Sandstone outcrop in Nottinghamshire

The Hemlock Stone or Himlack Stone is an inselberg on Stapleford Hill at Stapleford, Nottinghamshire, England.

==Geology==
The Hemlock Stone is an outcrop of New Red Sandstone, deposited more than 200 million years ago in the Triassic Period. Approximately 28 ft high, it is formed of a layer of Nottingham Castle Sandstone overlying a layer of Lenton Sandstone. Both layers are members of the Sherwood Sandstone Group. The Nottingham Castle Sandstone is a medium- to coarse-grained sandstone in which the grains are strongly cemented together by baryte. The Lenton Sandstone is very fine-grained but less well cemented together. As a result, the lower part of the stone is more vulnerable to erosion than the upper part, resulting in differential erosion that has given the inselberg its current "waisted" shape.

There are two geological theories as to what removed the surrounding sandstone layers of which the inselberg was once a part.

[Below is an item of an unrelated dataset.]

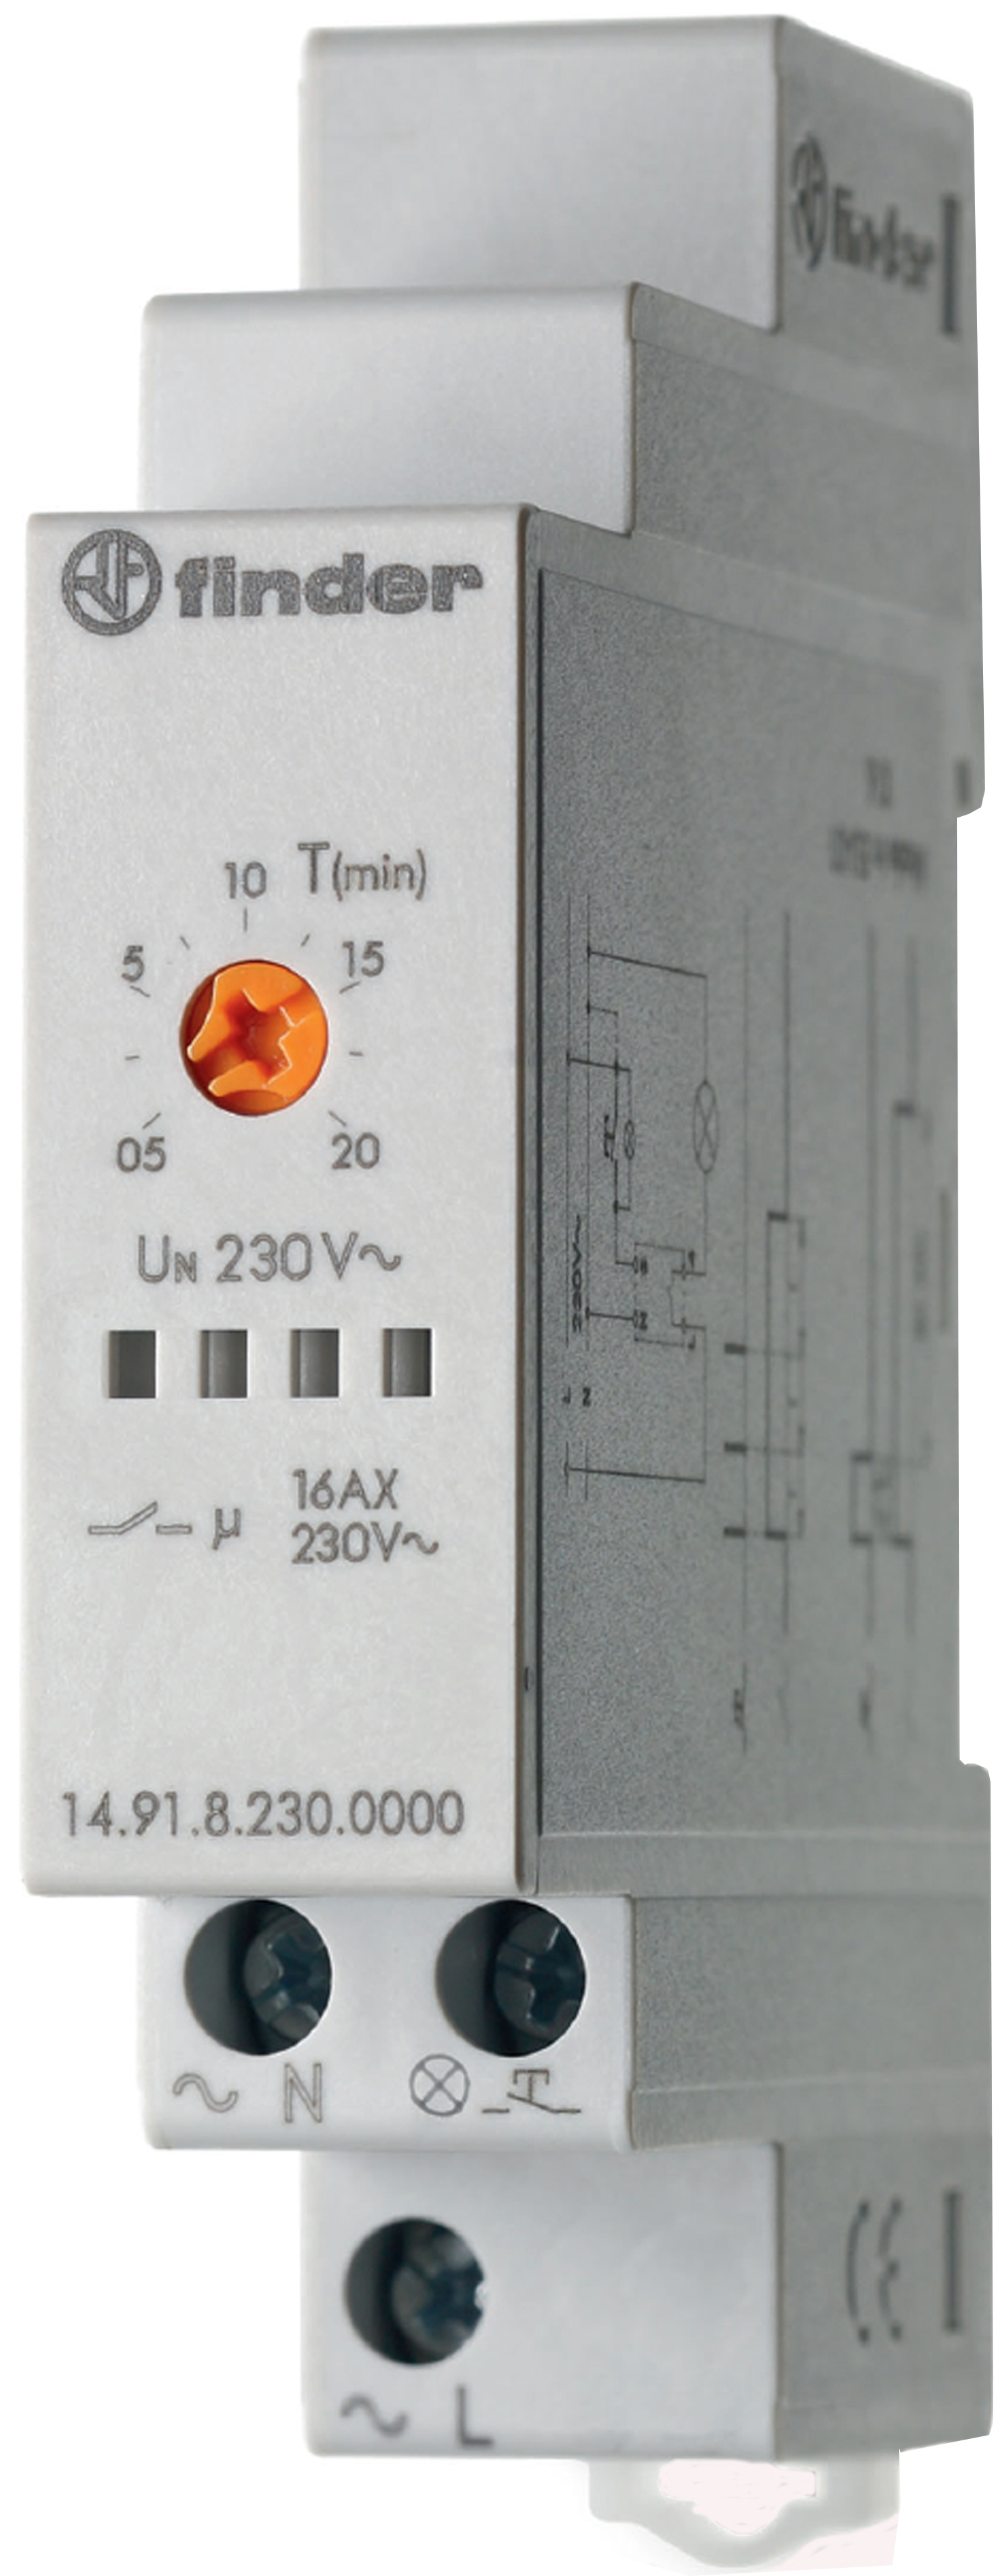 Trappenhuisverlichtingscontroller, inschakelwisser (retriggerable), 1 maakcontact 16 A, voor 230 V AC, 3 aansluitingen

In the 18th century the antiquarian William Stukeley (1687–1765) proposed that it had been left by quarrying of the surrounding stone. Certainly there are signs of past quarrying on and around Stapleford Hill. In 1908 the Ordnance Geological Survey (OGS) propounded that it was the result purely of natural differential erosion, particularly by ice in the Quaternary glaciation. The British Geological Survey, the OGS's modern successor, now supports Stukeley's theory.

In October 2015 with the University of Nottingham's Geospatial Institute undertook further study, as part of their "Three Stones Project". Since, in the past, laser mapping had not completely covered the stone, they employed a drone equipped with laser mapping cameras.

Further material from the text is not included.